> **WORK REQUEST**
From the first line onward, reproduce the records exactly; the final line to include is the one holding "75th Anniversary Low".

Stored data entries
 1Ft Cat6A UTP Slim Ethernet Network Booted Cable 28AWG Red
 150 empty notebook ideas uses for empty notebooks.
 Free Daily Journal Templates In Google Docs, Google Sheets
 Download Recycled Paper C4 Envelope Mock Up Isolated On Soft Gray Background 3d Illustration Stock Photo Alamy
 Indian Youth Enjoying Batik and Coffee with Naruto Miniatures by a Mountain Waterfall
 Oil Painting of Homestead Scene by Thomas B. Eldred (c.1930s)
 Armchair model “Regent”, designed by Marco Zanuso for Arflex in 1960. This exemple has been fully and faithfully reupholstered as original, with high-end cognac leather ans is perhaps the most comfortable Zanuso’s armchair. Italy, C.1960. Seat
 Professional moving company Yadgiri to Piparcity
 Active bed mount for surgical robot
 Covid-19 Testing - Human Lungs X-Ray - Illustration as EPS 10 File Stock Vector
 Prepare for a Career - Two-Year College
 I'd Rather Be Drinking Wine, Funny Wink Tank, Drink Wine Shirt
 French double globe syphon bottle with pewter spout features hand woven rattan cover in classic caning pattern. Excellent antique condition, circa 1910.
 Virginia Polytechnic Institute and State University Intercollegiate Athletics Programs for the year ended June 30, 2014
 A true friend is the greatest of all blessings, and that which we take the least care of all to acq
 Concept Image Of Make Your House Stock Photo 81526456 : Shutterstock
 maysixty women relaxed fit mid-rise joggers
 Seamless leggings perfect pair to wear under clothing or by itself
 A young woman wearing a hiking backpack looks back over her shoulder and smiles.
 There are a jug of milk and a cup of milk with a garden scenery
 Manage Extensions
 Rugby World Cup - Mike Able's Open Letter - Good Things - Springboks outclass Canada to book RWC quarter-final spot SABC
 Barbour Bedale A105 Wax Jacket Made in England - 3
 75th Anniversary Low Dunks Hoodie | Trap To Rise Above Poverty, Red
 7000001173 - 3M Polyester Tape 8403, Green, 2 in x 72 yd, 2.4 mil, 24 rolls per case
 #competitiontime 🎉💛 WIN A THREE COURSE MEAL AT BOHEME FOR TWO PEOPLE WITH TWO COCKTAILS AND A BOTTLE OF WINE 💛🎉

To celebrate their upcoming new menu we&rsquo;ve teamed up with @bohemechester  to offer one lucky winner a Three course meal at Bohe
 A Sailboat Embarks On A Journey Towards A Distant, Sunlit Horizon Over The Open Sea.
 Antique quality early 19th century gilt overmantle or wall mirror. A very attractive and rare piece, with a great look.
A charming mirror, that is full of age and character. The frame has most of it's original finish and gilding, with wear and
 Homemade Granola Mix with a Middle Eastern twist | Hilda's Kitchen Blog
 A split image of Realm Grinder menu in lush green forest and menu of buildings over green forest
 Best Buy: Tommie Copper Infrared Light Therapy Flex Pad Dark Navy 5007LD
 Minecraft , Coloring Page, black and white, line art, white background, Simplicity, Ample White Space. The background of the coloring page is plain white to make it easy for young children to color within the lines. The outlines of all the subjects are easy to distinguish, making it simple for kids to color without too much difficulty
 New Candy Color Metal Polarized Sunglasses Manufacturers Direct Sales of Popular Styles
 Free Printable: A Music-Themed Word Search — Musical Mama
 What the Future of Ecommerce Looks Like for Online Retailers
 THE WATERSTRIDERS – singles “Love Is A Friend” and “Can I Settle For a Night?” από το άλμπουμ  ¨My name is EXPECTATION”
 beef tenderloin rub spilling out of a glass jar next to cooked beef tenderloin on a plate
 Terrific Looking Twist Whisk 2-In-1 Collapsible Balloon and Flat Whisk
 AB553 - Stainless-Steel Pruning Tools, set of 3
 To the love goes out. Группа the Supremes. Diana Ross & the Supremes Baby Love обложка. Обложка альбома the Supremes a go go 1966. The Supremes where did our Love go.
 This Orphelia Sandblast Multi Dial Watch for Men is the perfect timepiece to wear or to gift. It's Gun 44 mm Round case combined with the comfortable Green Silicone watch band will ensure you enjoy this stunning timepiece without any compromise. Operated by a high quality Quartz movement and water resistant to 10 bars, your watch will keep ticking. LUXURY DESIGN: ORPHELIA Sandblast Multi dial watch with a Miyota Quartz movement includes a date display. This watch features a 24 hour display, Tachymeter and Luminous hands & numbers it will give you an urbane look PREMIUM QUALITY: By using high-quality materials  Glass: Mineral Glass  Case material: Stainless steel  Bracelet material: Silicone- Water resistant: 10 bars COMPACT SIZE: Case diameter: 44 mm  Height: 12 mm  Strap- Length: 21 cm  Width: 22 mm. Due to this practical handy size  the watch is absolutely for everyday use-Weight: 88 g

> **ANSWER SECTION**
 1Ft Cat6A UTP Slim Ethernet Network Booted Cable 28AWG Red
 150 empty notebook ideas uses for empty notebooks.
 Free Daily Journal Templates In Google Docs, Google Sheets
 Download Recycled Paper C4 Envelope Mock Up Isolated On Soft Gray Background 3d Illustration Stock Photo Alamy
 Indian Youth Enjoying Batik and Coffee with Naruto Miniatures by a Mountain Waterfall
 Oil Painting of Homestead Scene by Thomas B. Eldred (c.1930s)
 Armchair model “Regent”, designed by Marco Zanuso for Arflex in 1960. This exemple has been fully and faithfully reupholstered as original, with high-end cognac leather ans is perhaps the most comfortable Zanuso’s armchair. Italy, C.1960. Seat
 Professional moving company Yadgiri to Piparcity
 Active bed mount for surgical robot
 Covid-19 Testing - Human Lungs X-Ray - Illustration as EPS 10 File Stock Vector
 Prepare for a Career - Two-Year College
 I'd Rather Be Drinking Wine, Funny Wink Tank, Drink Wine Shirt
 French double globe syphon bottle with pewter spout features hand woven rattan cover in classic caning pattern. Excellent antique condition, circa 1910.
 Virginia Polytechnic Institute and State University Intercollegiate Athletics Programs for the year ended June 30, 2014
 A true friend is the greatest of all blessings, and that which we take the least care of all to acq
 Concept Image Of Make Your House Stock Photo 81526456 : Shutterstock
 maysixty women relaxed fit mid-rise joggers
 Seamless leggings perfect pair to wear under clothing or by itself
 A young woman wearing a hiking backpack looks back over her shoulder and smiles.
 There are a jug of milk and a cup of milk with a garden scenery
 Manage Extensions
 Rugby World Cup - Mike Able's Open Letter - Good Things - Springboks outclass Canada to book RWC quarter-final spot SABC
 Barbour Bedale A105 Wax Jacket Made in England - 3
 75th Anniversary Low Dunks Hoodie | Trap To Rise Above Poverty, Red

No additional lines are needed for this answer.